The group is active since 2005 and its research was originally focused mainly on mitochondrial diseases. Our aims were to identify and characterize human genes involved in the biogenesis of the mitochondrial respiratory chain (RC), identify mutations in patients with RC defects, and to develop simple tools to characterize these mutants and to study the pathophysiology of these disorders and test novel therapeutic approaches. In the past years we have expanded our research focus to include also other metabolic diseases, as well as genetic disorders unrelated to cellular metabolism. Regarding the latter, we have developed a novel diagnostic strategy for genetic disorders based on NGS technology. Using a 2-level approach we now have the capability to provide a molecular diagnosis for over 90% of known genetic diseases in a clinical setting.
Based on our previous work we have developed three main lines of research, wich we are currently pursuing.

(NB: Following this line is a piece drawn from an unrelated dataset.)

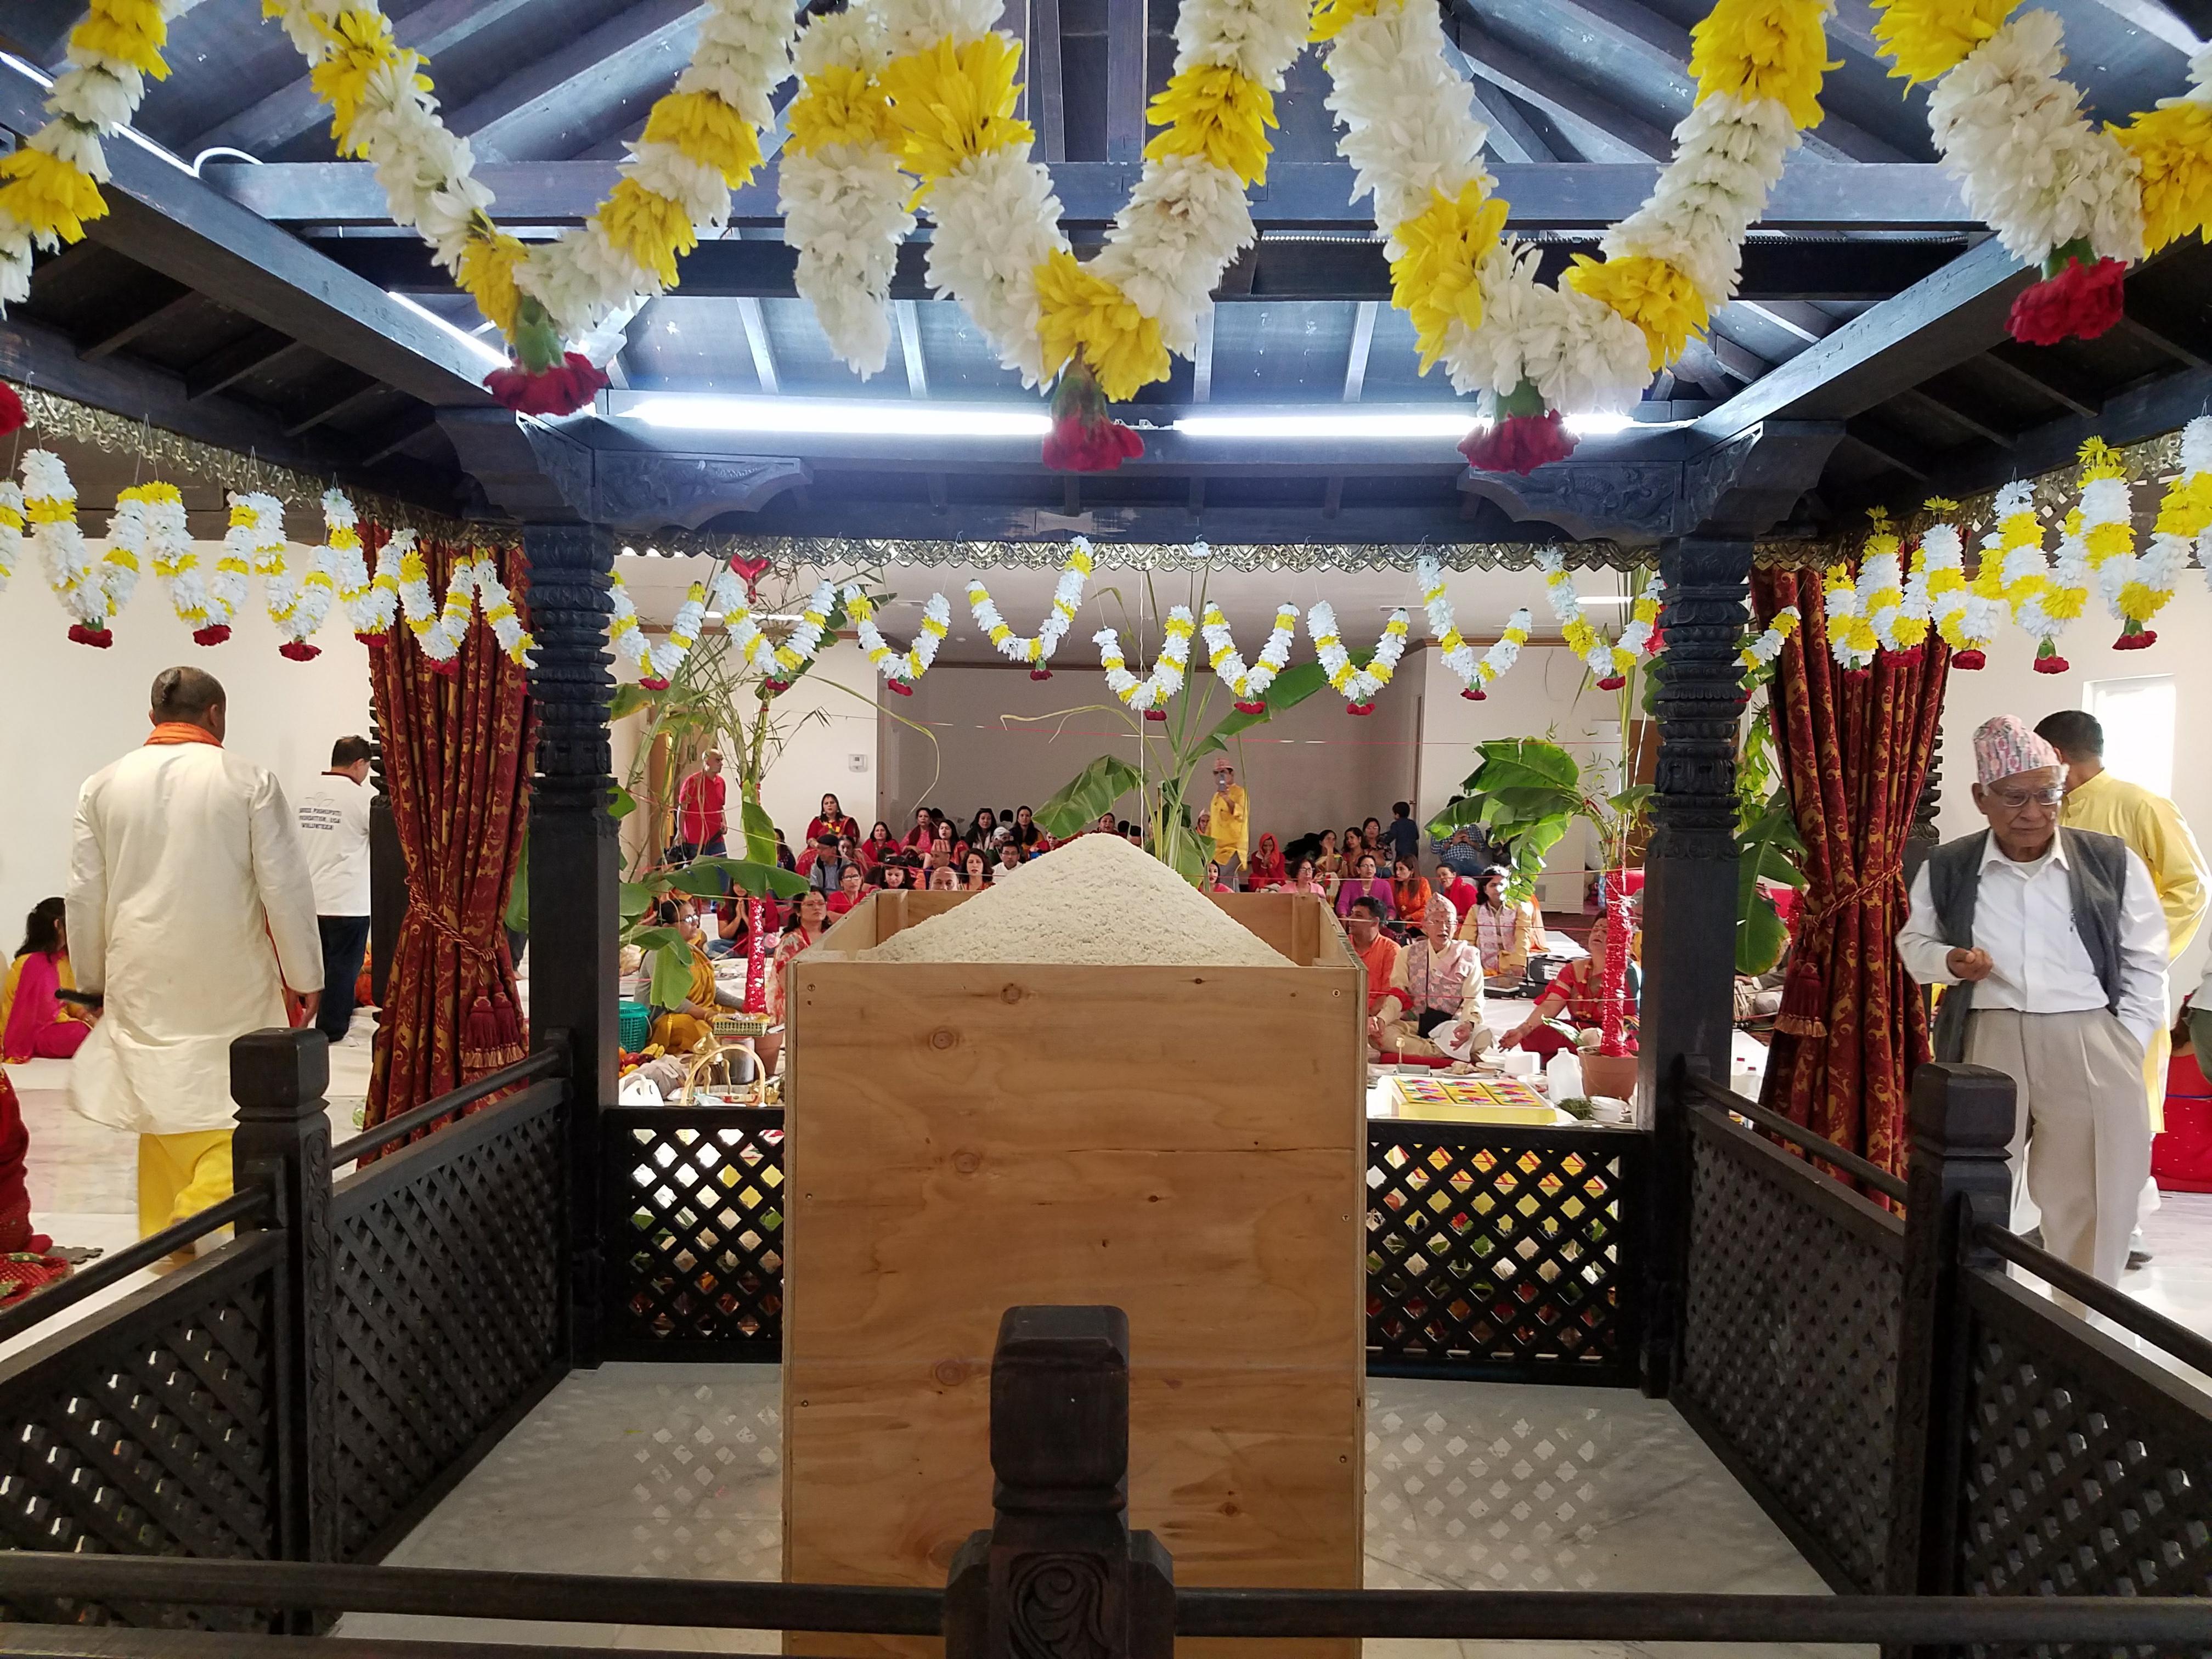 लस एन्जलस पशुपतिनाथ मन्दिरमा प्राण प्रतिष्ठा पूजाको पहिलो दिन सम्पन्न

The first line of research deals with the biogenesis of the RC, in particular of Coenzyme Q biosynthesis and its regulation. Using CRISPR-CAS9 we have generated several KO cell lines for genes which are (or are presumed to be) involved in these processes. These cells were instrumental to determine the correct sequence of reactions in the CoQ biosynthetic pathway in humans.
The second one involves metabolic disorders, in particular vitamin B6-dependent enzymes such as ornithine aminotransferase (OAT). We are currently studying the molecular pathogenesis of OAT deficiency and therapeutic role of vitamin B6 and its vitamers in patients.
The last field of research deals with genetic diseases in general. The expansion of our diagnostic service has provided us with an incredible amount of genetic data (we have analyzed >3000 patients with NGS, for a variety of different conditions). The main limitation of this approach is that it is often very difficult to establish the pathogenicity of identified variants, especially of synonymous and missense exonic changes and of intronic variants outside the canonical splicing consensus. The reliability of prediction software is still problematic in a diagnostic setting; hence there is a clear necessity for experimental tools to validate these mutations. In the past years, we have developed several models from hybrid minigenes, to yeast, CRISPR-CAS9 edited human cells, and C. elegans that have allowed us to validate (or to dismiss ass neutral polymorphisms) many novel variants, and to establish genotype-phenotype correlations for different diseases. We have employed these strategies to identify three new genes associated with human diseases: MCM5, ADCK2, and TOGARAM.